As an unexpected storm hits the town, Mollé confronts Barbara on her way, telling her that her mother is desperate to see her but the disillusioned girl ignores her. Upon arriving, Barbara finds her sanctuary destroyed by the vengeful Taylor.

Suddenly, a titan emerges from the water. Barbara confronts it, drawing forth the restored Coveleski, a massive, glowing war hammer. She proceeds to defeat the giant to protect her mother. Lying injured upon the beach, the giant reveals that he came for Barbara, not her mother. Stunned, she demands that the titan "finish it".

The giant snatches Barbara, drawing her close so she can strike it down with Coveleski. As it falls into the ocean, it pulls her below the waves. A voice tells her that every living thing must die, that to run from death is to reject life, so she must find joy in every moment while she can. Barbara swims back to land, where she reunites with Sophia.

The next day, Barbara goes upstairs to see her mother, who is dying in bed. They share heartfelt messages and Barbara apologizes for avoiding her. After the summer, Barbara's mother dies, but she rekindles her relationships with Mollé, Karen and Sophia. On the night after the funeral, she is awoken by the titan, watching her from the ocean, before she goes back to sleep.

==Cast==
- Madison Wolfe as Barbara Thorson
- Imogen Poots as Karen Thorson
- Sydney Wade as Sophia
- Rory Jackson as Taylor
- Art Parkinson as Dave
- Zoe Saldaña as Mrs. Mollé
- Noel Clarke as Mr. Mollé
- Jennifer Ehle as Mrs. Thorson
- Ciara O'Callaghan as Theresa Tuzzo
- John Boyle as Titan

==Production==
On March 23, 2015, it was announced that Joe Kelly and Ken Niimura's graphic novel I Kill Giants was being adapted into a live-action feature film, for which Kelly would write the screenplay. Chris Columbus came on board to produce the film through his 1492 Pictures, along with Ocean Blue Entertainment, Man of Action Studios and XYZ Films. Treehouse would fully finance the film, while XYZ would handle the international sales. Anders Walter would make his feature film directing debut.

On September 11, 2015, Zoe Saldaña and Madison Wolfe joined the film, in which Wolfe would play Barbara, a young misfit girl battling both internal and external monsters in her life, while Saldaña would play Mrs. Mollé, a school psychologist. Wolfe was cast in the film after a search through 500 actors.
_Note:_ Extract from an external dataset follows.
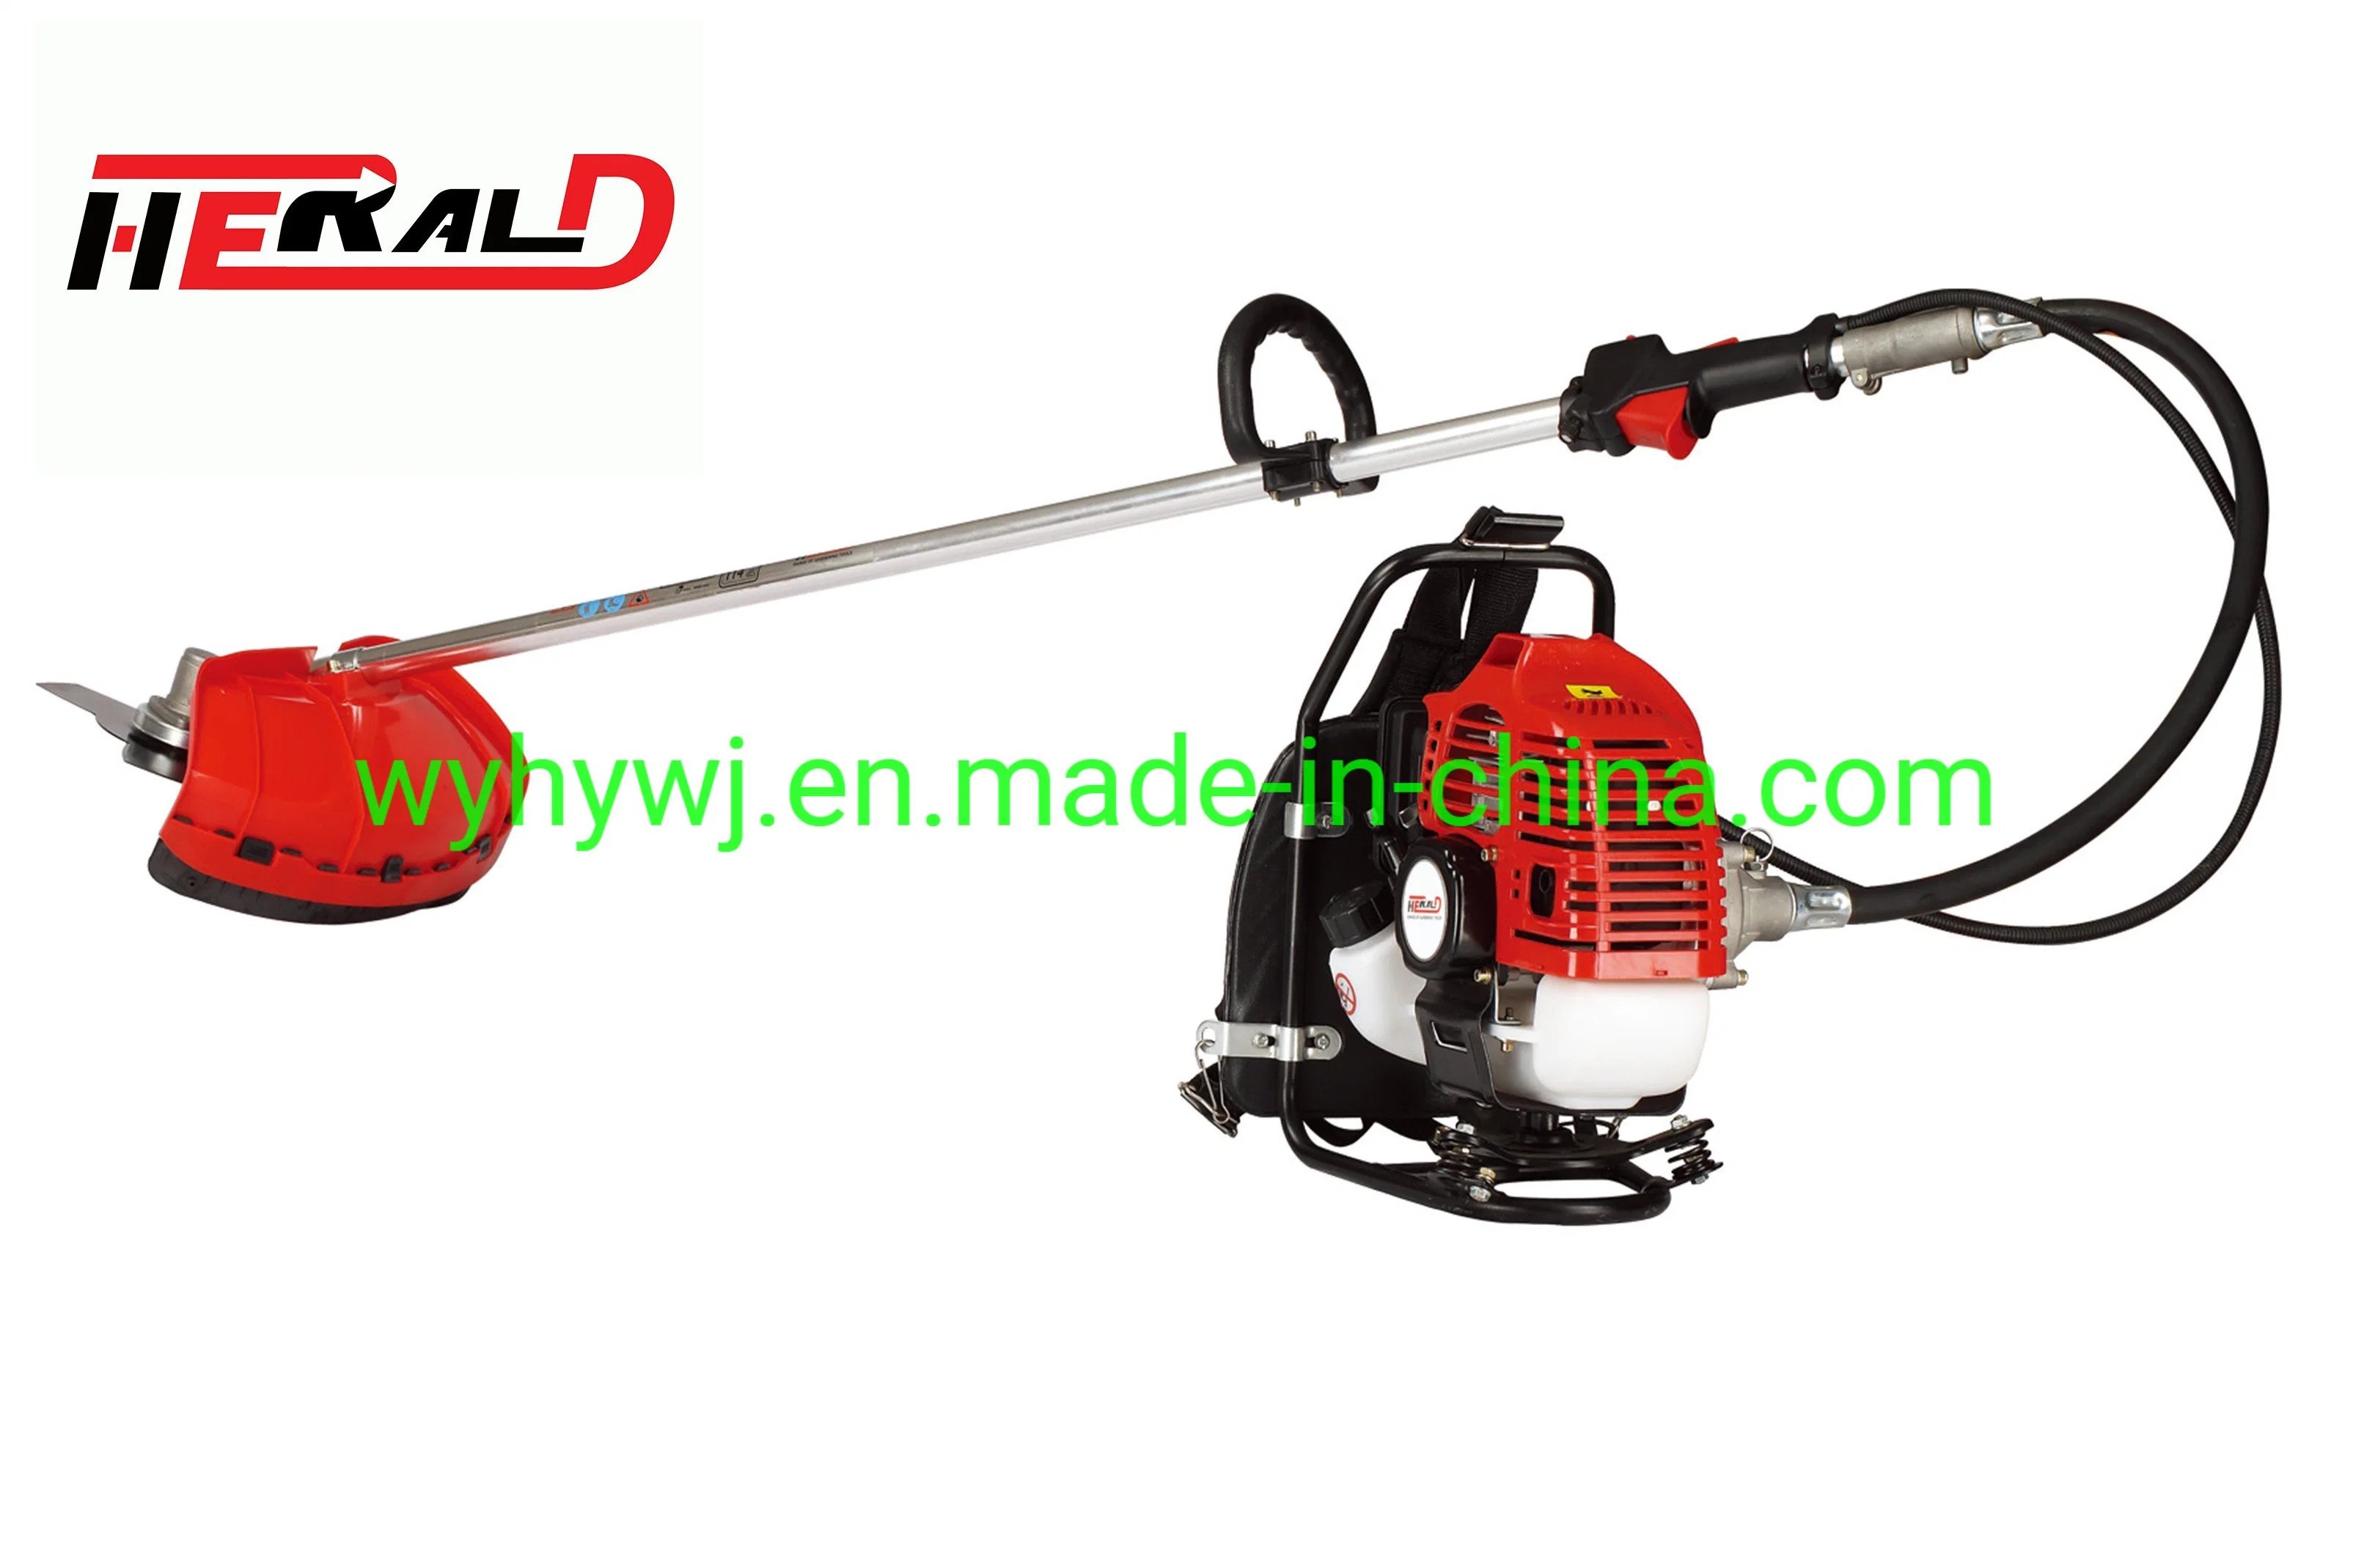 Professional 2 Stroke Good Quality 43cc/52cc Backpack Gasoline Brush Cutter Hy-430K Cut The Grass Easily Garden Tool

On September 10, 2016, Imogen Poots was confirmed to star in the film.

Principal photography on the film began on September 27, 2016.

==Reception==
On review aggregator website Rotten Tomatoes, the film holds an approval rating of 78% based on 60 reviews, and an average rating of 6.63/10. The website's critical consensus reads, "I Kill Giants moody magical realism sometimes slips into the mundane, but impressive CGI and a powerhouse performance by Madison Wolfe pack an unexpected punch." On Metacritic, the film has a weighted average score of 74 out of 100, based on 10 critics, indicating "generally favorable" reviews.